Thursday, January 22, 2009

Red Light

It's 6 p.m., and you're trying to get across Taft Avenue. Between the giant buses and swerving jeepneys, all you really want to do is to get to the other side without being crushed. At this point, you'd be thankful for a working stoplight.

I know most people take stoplights for granted--and some even blatantly jaywalk all over the place--but for someone who grew up inheriting her mom's paranoia about accidents that can happen anytime, stoplights are a relief.

But since literal stoplights don't really make for an interesting blog, I will, of course, try to relate it to life. (Although I also doubt it will be interesting, but oh well.)

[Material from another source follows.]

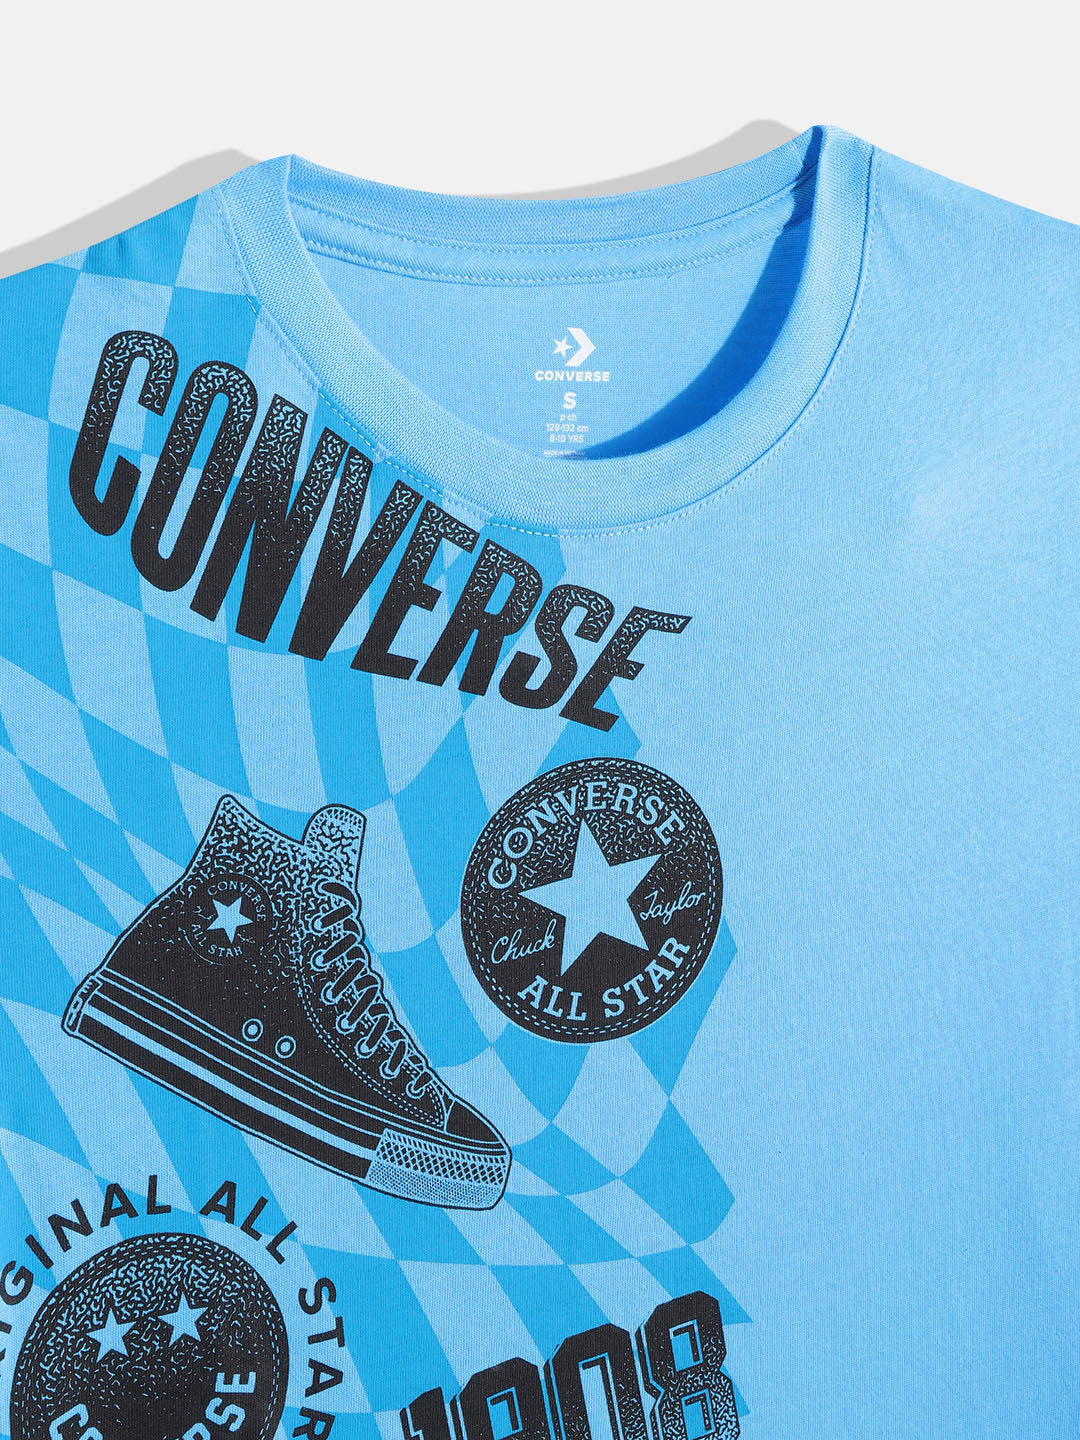 Converse Distressed Multi Logo Tee T Shirt Converse

Unfortunately, life has no explicit stoplights. None of those simple, three-colored machines which reliably keep us from crashing and getting crushed (of course, I am not taking into account the perpetually malfunctioning stoplights one can always find in Metro Manila). Things would have easier and less complicated if we had those, but as we all know by now, life is neither easy nor simple.

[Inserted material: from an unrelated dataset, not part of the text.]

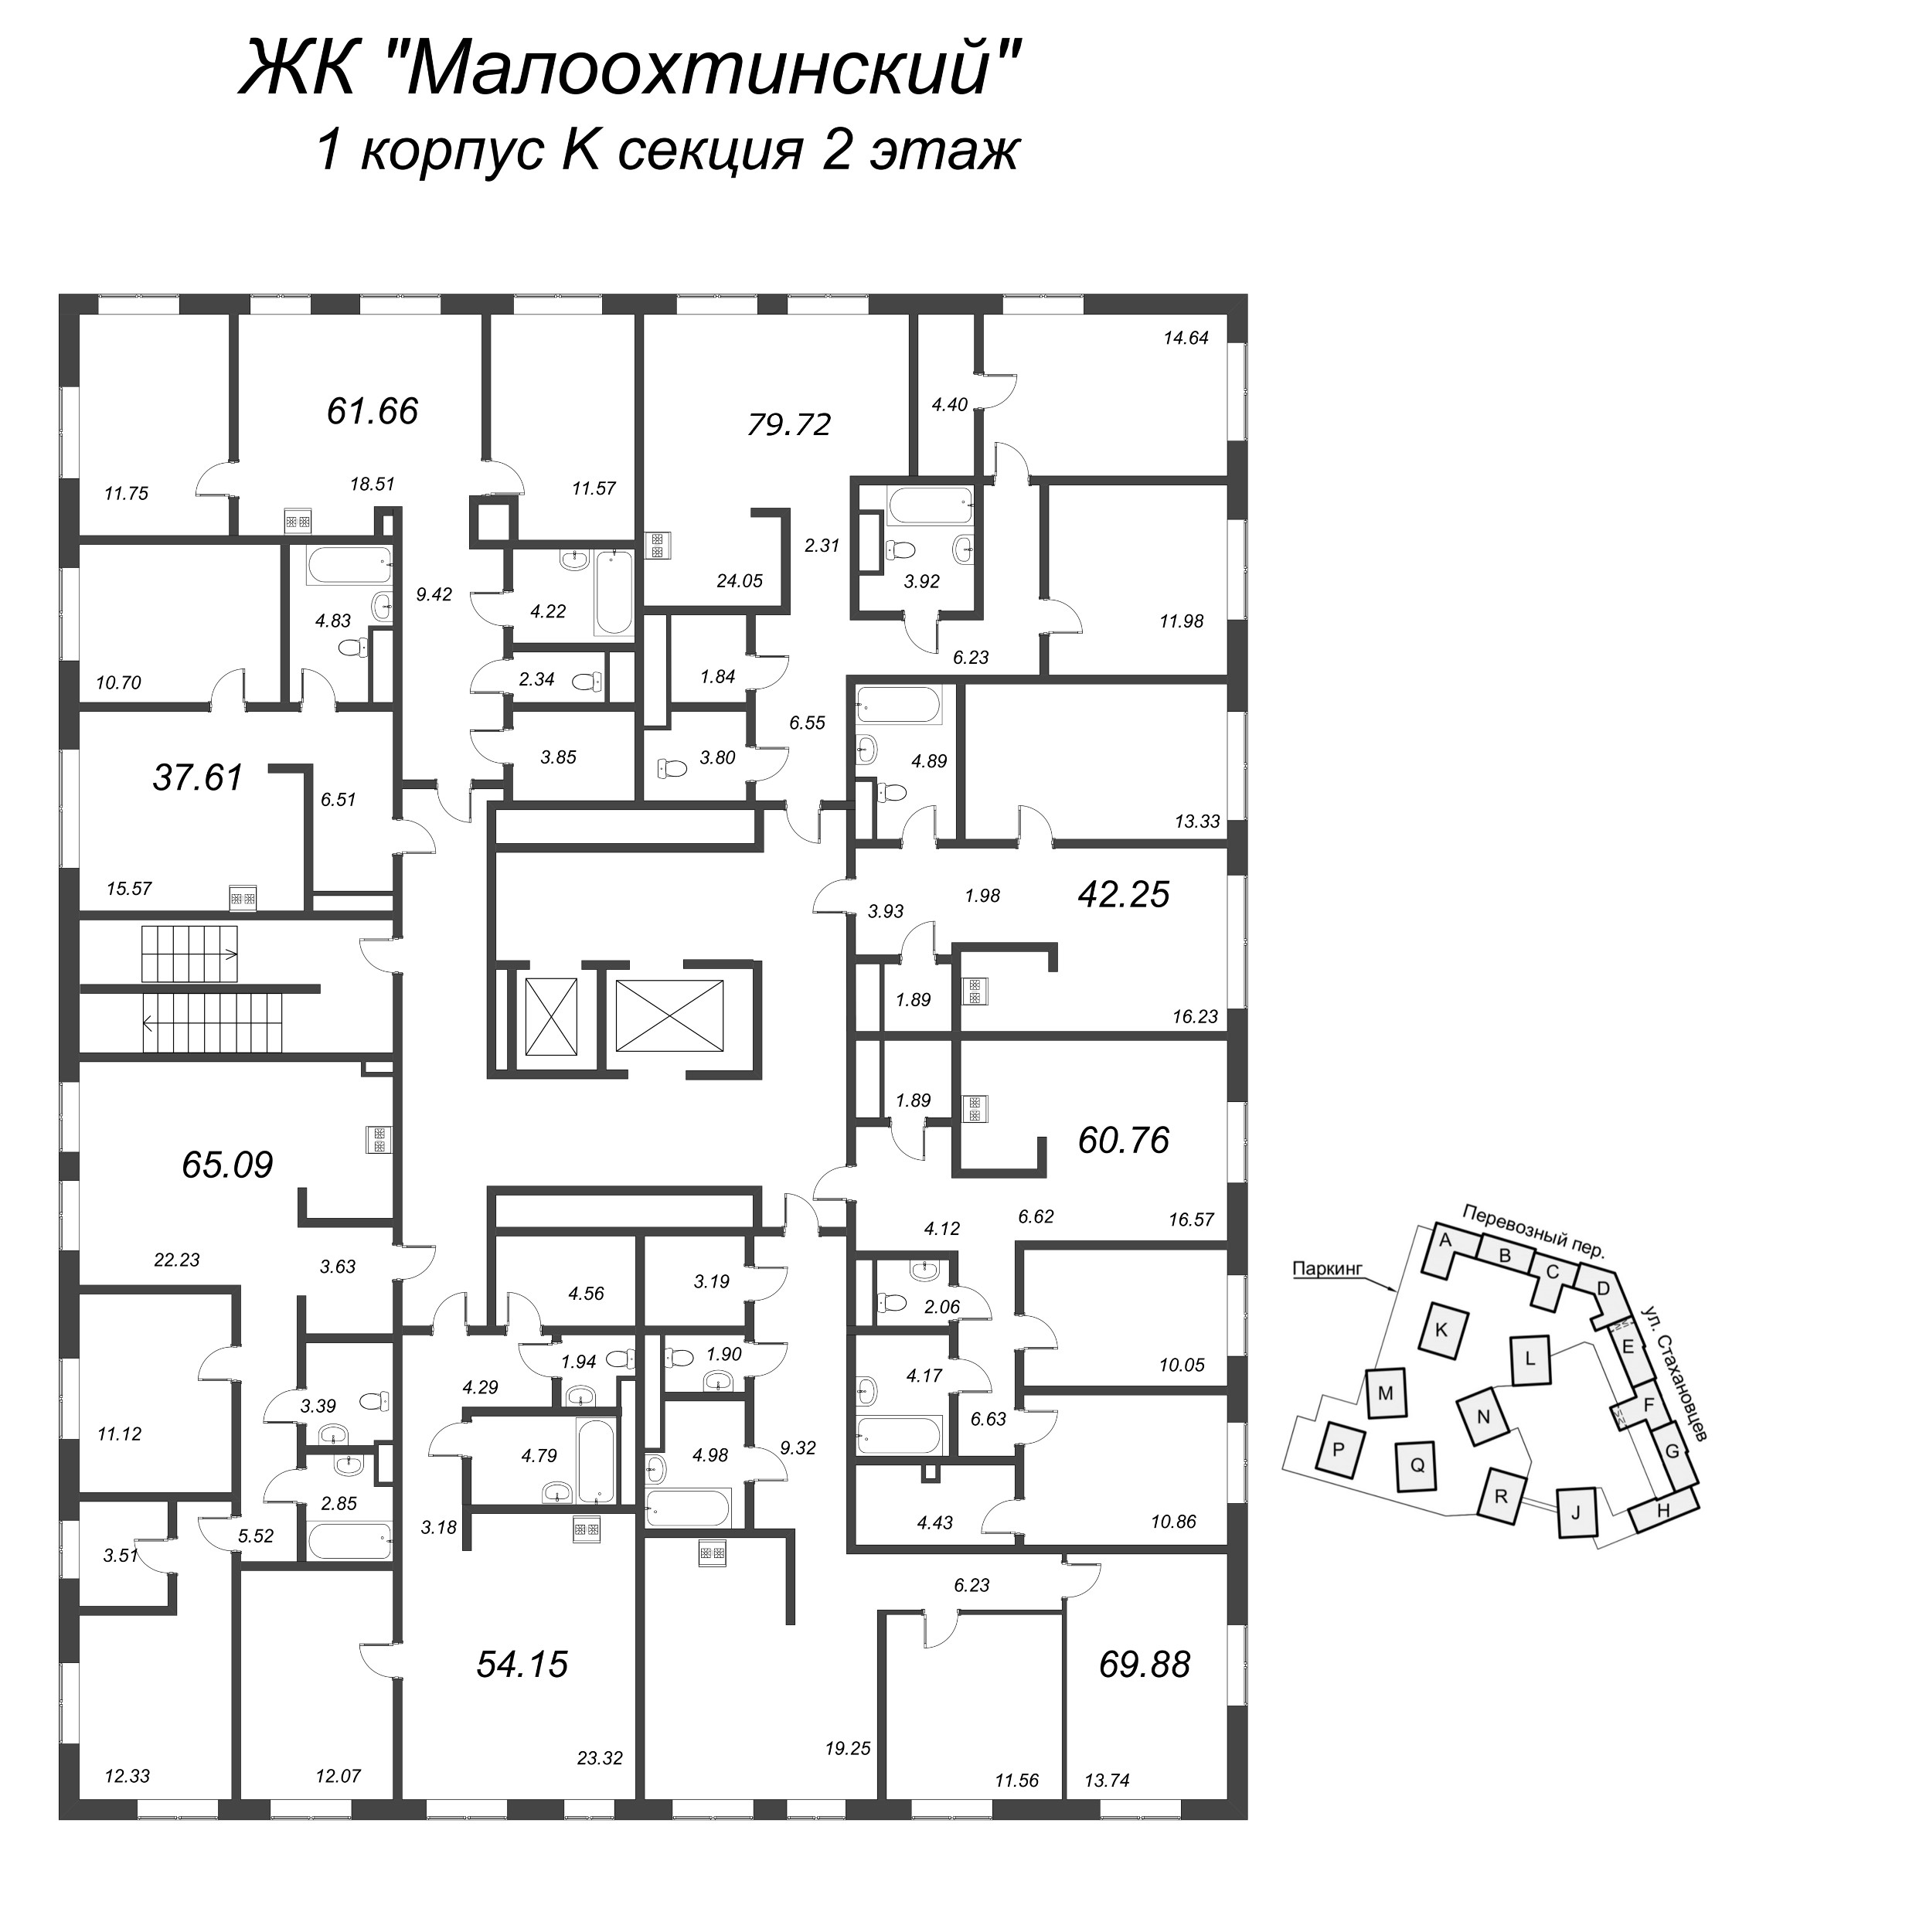 3-комнатная (Евро) квартира, 73.3 м² - планировка этажа

In fact, taking the commuter analogy further, life isn't just an intersection, nor a highway as the Rascal Flats sang about. For me it a collection of infinitely many intersections, and with different kinds of streets. Some are as big as NLEX, while others mere alleys. To be in the middle of one of these big junctions--I think we all know how that feels. Without a stoplight, in the middle of an intersection, is one of the most terrifying places to be, maybe because we know that if there's nothing to tell everyone else when to stop and when to keep moving, crashes are almost certain.

It's a weird thing, to cross streets without stoplights. I know some people who just walk straight to the other side, without so much as a glance at the cars. But I'm not like that. And maybe there's something about personality in crossing streets. Some of us go through life carefree, stepping out into the asphalt and heading straight to where they ought to go, while others don't trust the cars not to hit them, so they go out of their way to avoid those dangers.

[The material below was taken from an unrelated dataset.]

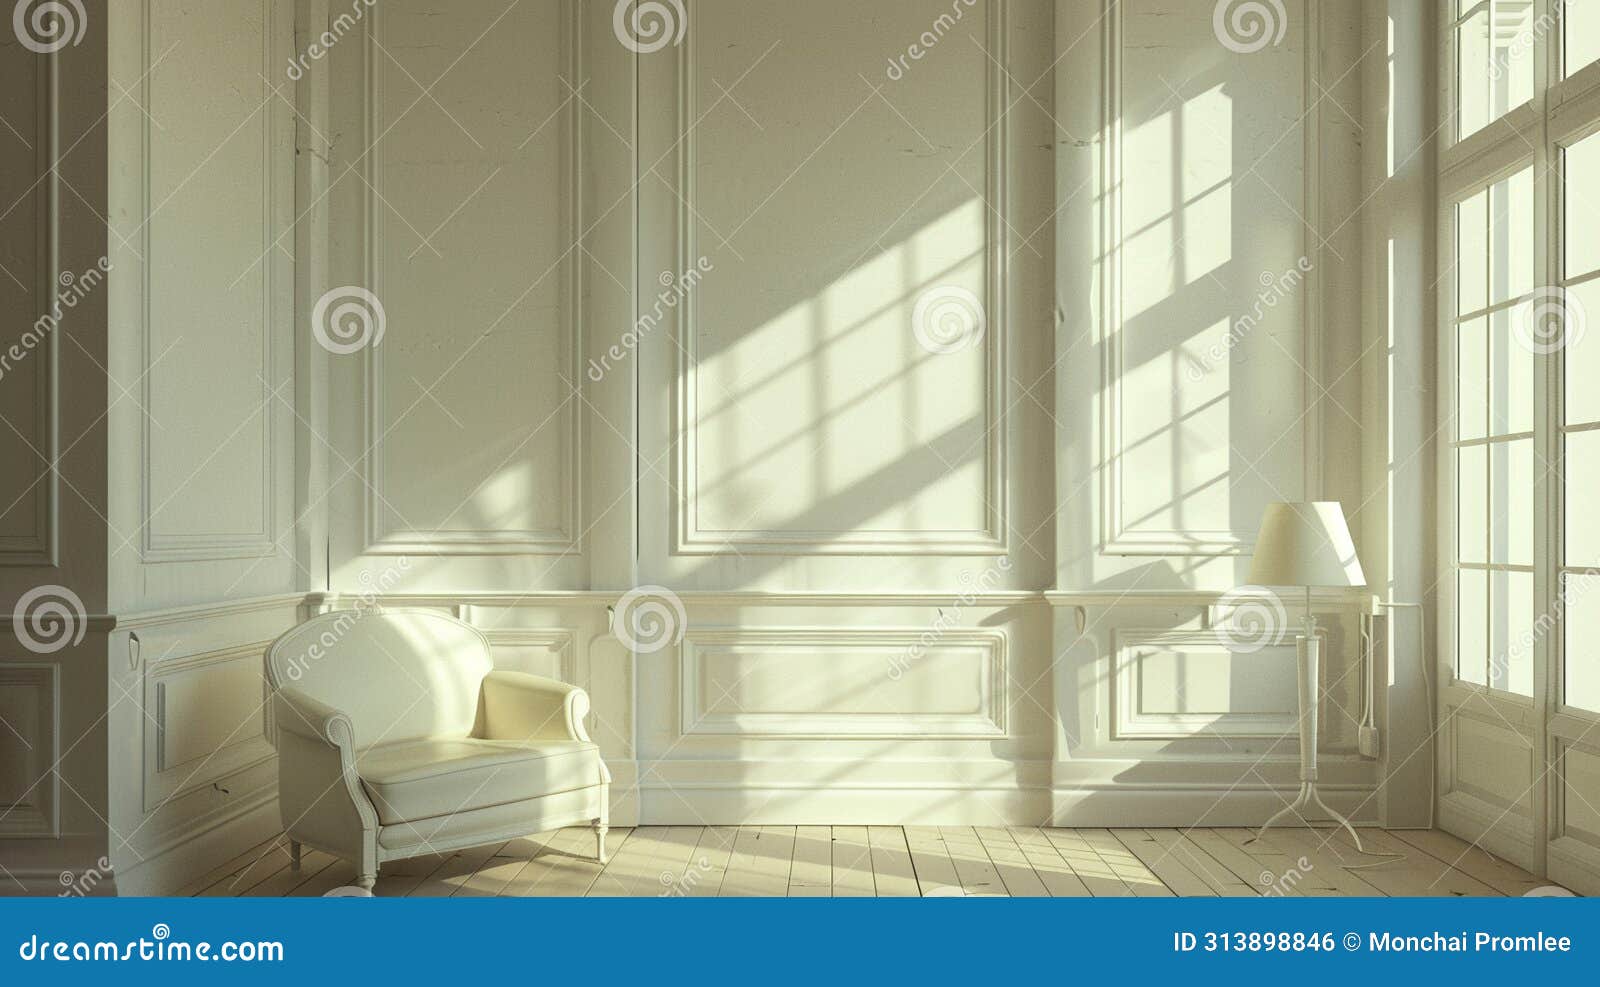 the room's monotone scheme, achieved with homogeneous paint, radiates a serene uniformity

For me, the tough part is knowing when to move and when not to. Of course I'm concerned about a big delivery truck hitting me right on--I know it's something I don't ever want to experience. It's painful and harmful. And that's the reason why in life, we get hurt and do the stupid things that we do--it's because, as we all know, calculating is hard, and often we miscalculate our actions. We're rarely ever certain of anything, so it's normal to get hit by our mistakes. Sometimes they're just bikes, or slow-moving cars--but once in a while we really fuck up and it feels like a speeding ten-wheeler. Sometimes we're lucky to get off with just a bruise or a scratch, but sometimes it cripples us--for a while or for good.

But we have to keep crossing if we want to get anywhere.

And it's not as if life doesn't hand us its fair share of signals. Life has no explicit stoplights, but there are subtle (and sometimes quite obvious) signs which tell us when to keep still. But just like a lot of the Philippine commuting public, we simply choose to ignore them and jaywalk. Maybe we're hurrying, or just stubborn. Careless or over-cautious, it's all up to you. Just keep crossing.